When the data to be coded and decoded is subjected to multidimensional formatting, firstly, the data block size for formatting the data to be coded can be determined according to physical resources, namely, the data block size is taken as a unit for processing during the subsequent coding and decoding; when encoding and decoding are performed, the operations performed are different, for example, in the case of performing encoding, segmentation processing is performed on the data to be encoded according to the determined data block size, for example, if the data to be encoded is formatted and the segmented data block size is a b c, when the data to be encoded is less than the size, the data to be encoded is completed by zero padding, and when the data to be encoded is greater than the size, the encoding is performed by segmenting the data to be encoded into the size; in the case of performing the decoding process, the data to be decoded is stored in the corresponding position of the data block of the determined data block size for the decoding process, which is also explained by the above example: for the stored data to be decoded, reading the data block size a × b × c from the existing position, and when the data to be decoded is larger than the size, the data to be decoded in the data part can be preferentially selected; in addition, for the received data to be decoded, the data to be decoded can be put into the corresponding position of the logical data block with the data block size of a × b × c according to the number for decoding processing.

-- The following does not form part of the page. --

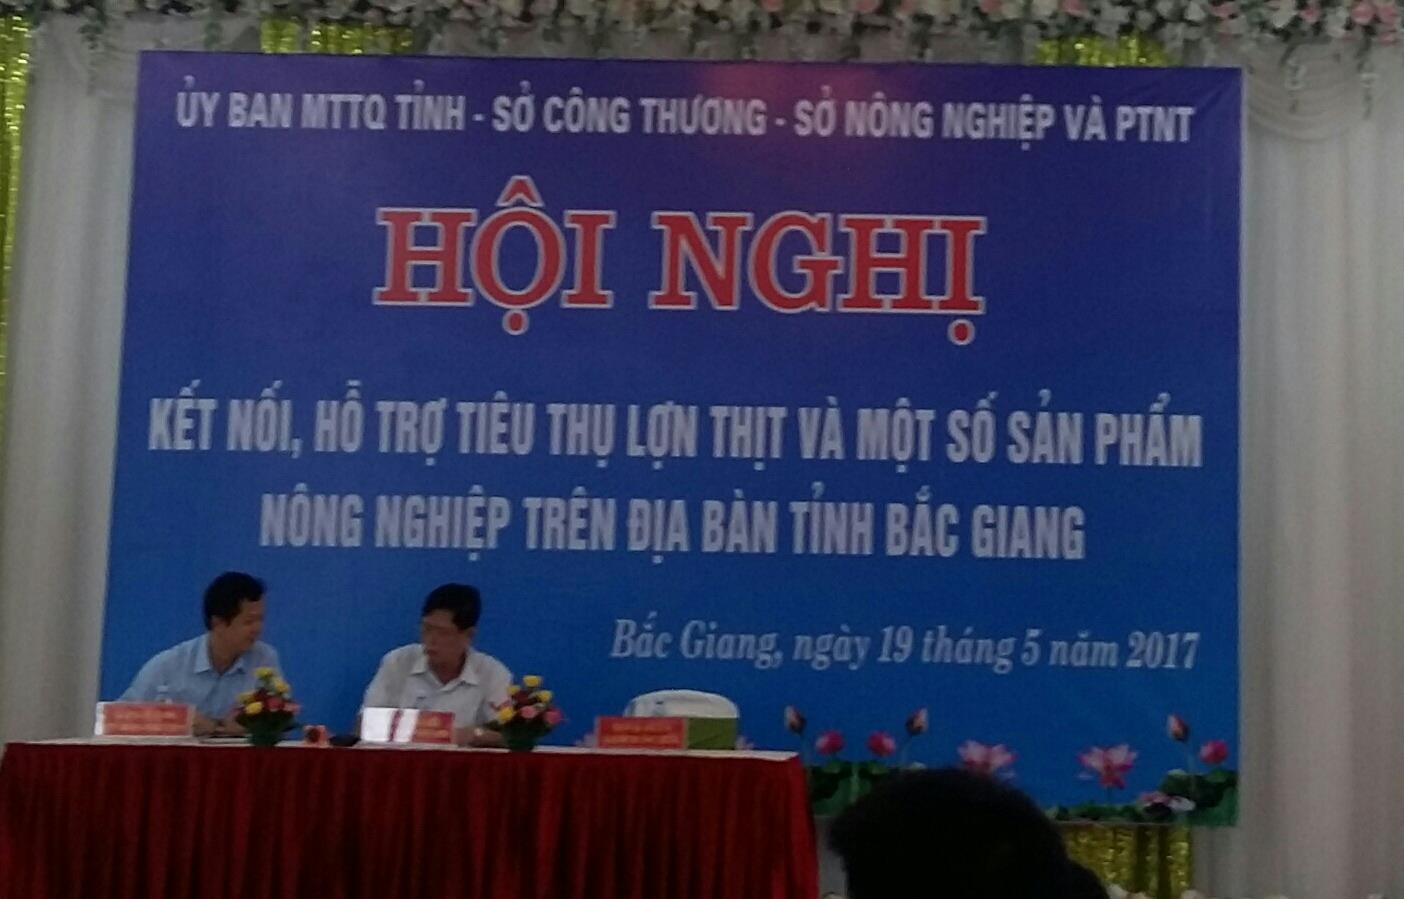 Hội nghị kết nối, hỗ trợ tiêu thụ lợn thịt và một số sản phẩm nông nghiệp trên địa bàn tỉnh Bắc Giang
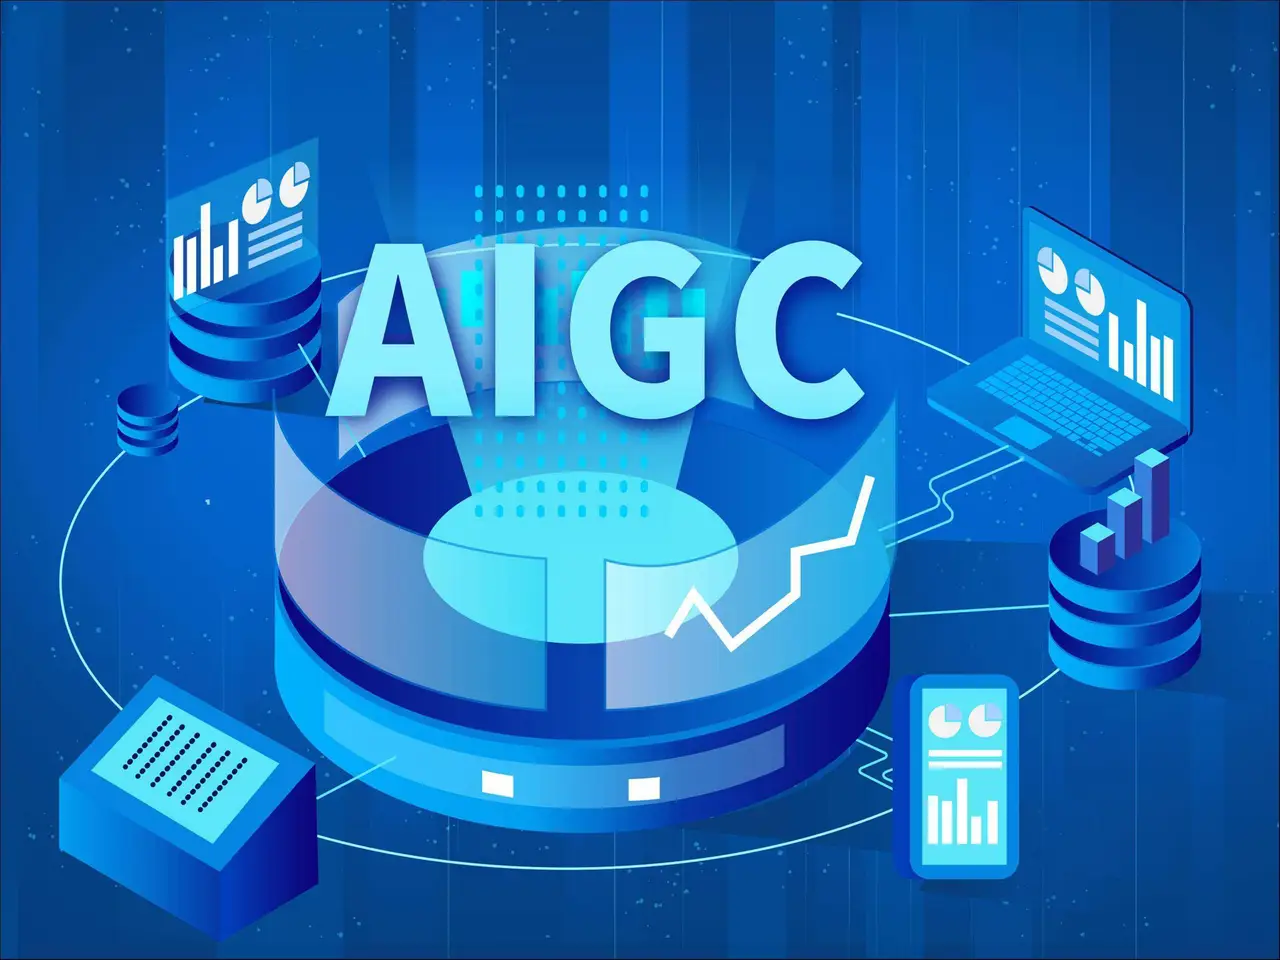 这是一张展示人工智能和生成内容（AIGC）的概念图，包含图标、数据图表、电脑和算法符号，色调为蓝色科技风。

It should be noted that, according to a predetermined sequence, RS erasure coding is performed on at least two dimensions of each dimension of the data to be coded and decoded after the multidimensional formatting processing, and different sequences are executed according to different coding and decoding processing, for example, in the case of executing coding processing, RS erasure coding processing is performed on each dimension of the data to be coded and decoded after the multidimensional formatting processing in a multidimensional step-by-step dimensionality removal manner; and under the condition of executing the decoding processing, performing RS erasure code decoding processing on each dimension of the data to be coded and decoded after the multidimensional formatting processing according to a multidimensional step-by-step dimension adding mode.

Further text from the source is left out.